You have clearly not disconnected everything! I cannot tell what you have actually done, but, do you see 12V if you put the meter between the rigging and the pos terminal of he domestic battery? And 0V between the rigging and the neg terminal? In fact, if you put a 12V bulb between rig and battery +ve, instead of the meter, does it light? (a better test because a digital meter can give strange results because it pulls such a tiny current)

I certainly don't understand whether this is supposed to happen or not.[/I]

Many boats are wired like this, with dc neg bonded to everything and it is probably perfectly OK. Other boats (like mine) have completely 'floating' dc systems where the rig and other bits of metal are isolated from each other and from the dc neg.

But of course your guard wire getting hot cannot be right! There must be some pretty fundamental problem and it must be happening to wiring capable of carrying a heck of a current without melting, and it cannot be at 12V because your batteries would have fried and the wiring burned to a smelly soggy pile of goo.

SO. It really must be something from your shore power.
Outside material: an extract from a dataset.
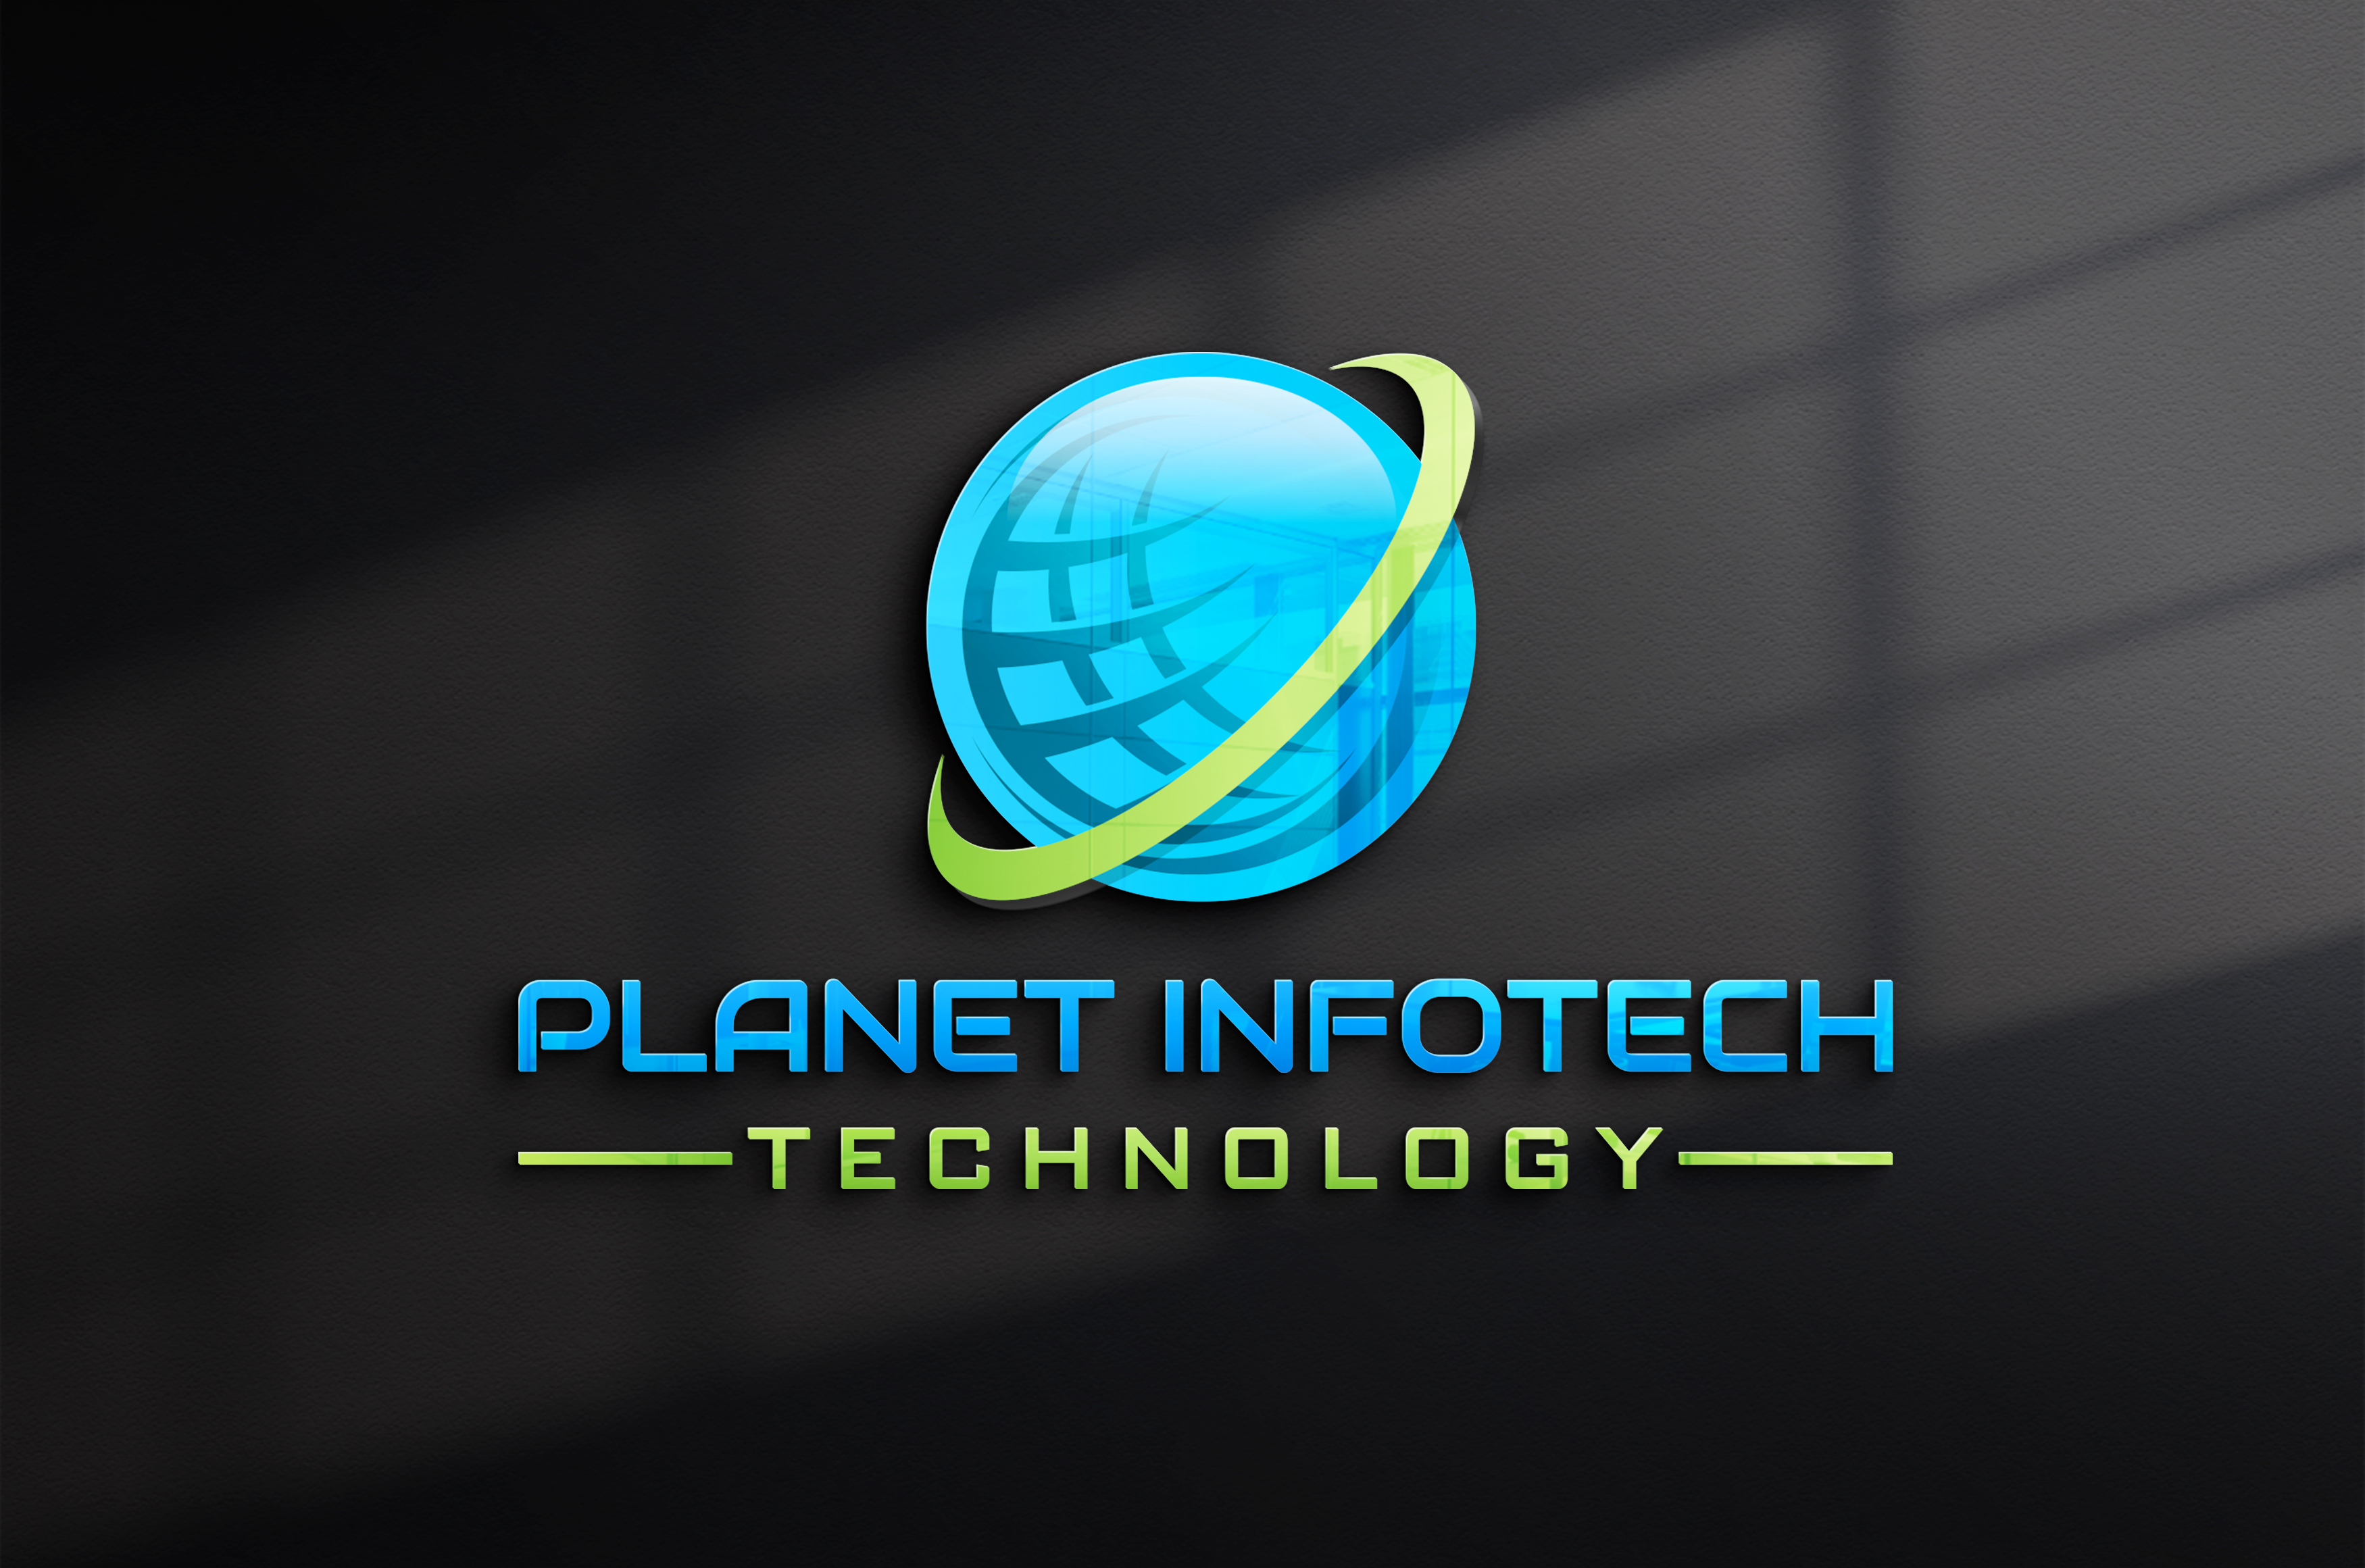 PLANET INFOTECH TECHNOLOGY

Many boats have AC 'neutral' commoned with dc negative. It would not be at all surprising to find that is the situation on your boat. Is there an mains 'AC panel' as part of your main electrical panel? If so I would bet that is the case. So that is where the problem is likely to be. Reversed 'polarity' on incoming mains is common and I think it may cause such problems. Do you have an isolation transformer (or galvanic isolator) in the system? From the sounds of your system you really (really, really) should. Given your setup, I would be very wary about plugging into shore power without at the very least checking that live/neutral are correct way round.

@William - I suspect you are right about these being two separate issues.

+1
 
OK, I appear to have discovered the cause of the problem. My suspicions started when I said I had disconnected everything, because I had (at least from the negative terminal), yet I was showing some kind of continuity between the negative terminal and the rigging. The only explanation was that the negative and positive terminals were shorting so I disconnected both positive and negative connections so that I had nothing connected to the battery, ran a continuity test between the positive and negative and voila, continuity.

Correct me if I am wrong but a battery shouldn't show continuity between the +ve and -ve terminal. Therefore I have a battery short. This pretty much explains everything.

@whipper_snapper - hope this answers some of your questions. Since posting I have been discussing some of these questions with my friend on 'Pure Chance', who explained that indeed many boats are wired this way.

I suppose the next issue is to establish how this happened, or is this merely a manifestation of tired, old batteries?

With the problems identified in mind, does your explanation of reverse polarity from the mains still stand? Like I said before I have rewired the mains cable and no longer have the have the white-hot guardrail problem, so it's possible I've solved that problem. When I rewired it I noticed the earth had never been connected, so could this have solved the problem? I don't have a galvanic isolator but would it be naive of me to assume that my Mastervolt mains charger has one built it?
 
Ah no, wait a minute. It's only showing continuity ONE WAY, when I connect the COM to the +ve and ohm cable to the -ve. I've guessing this is merely showing the polarity movement between the two so that makes sense and is therefore not the answer to my problem, damn it.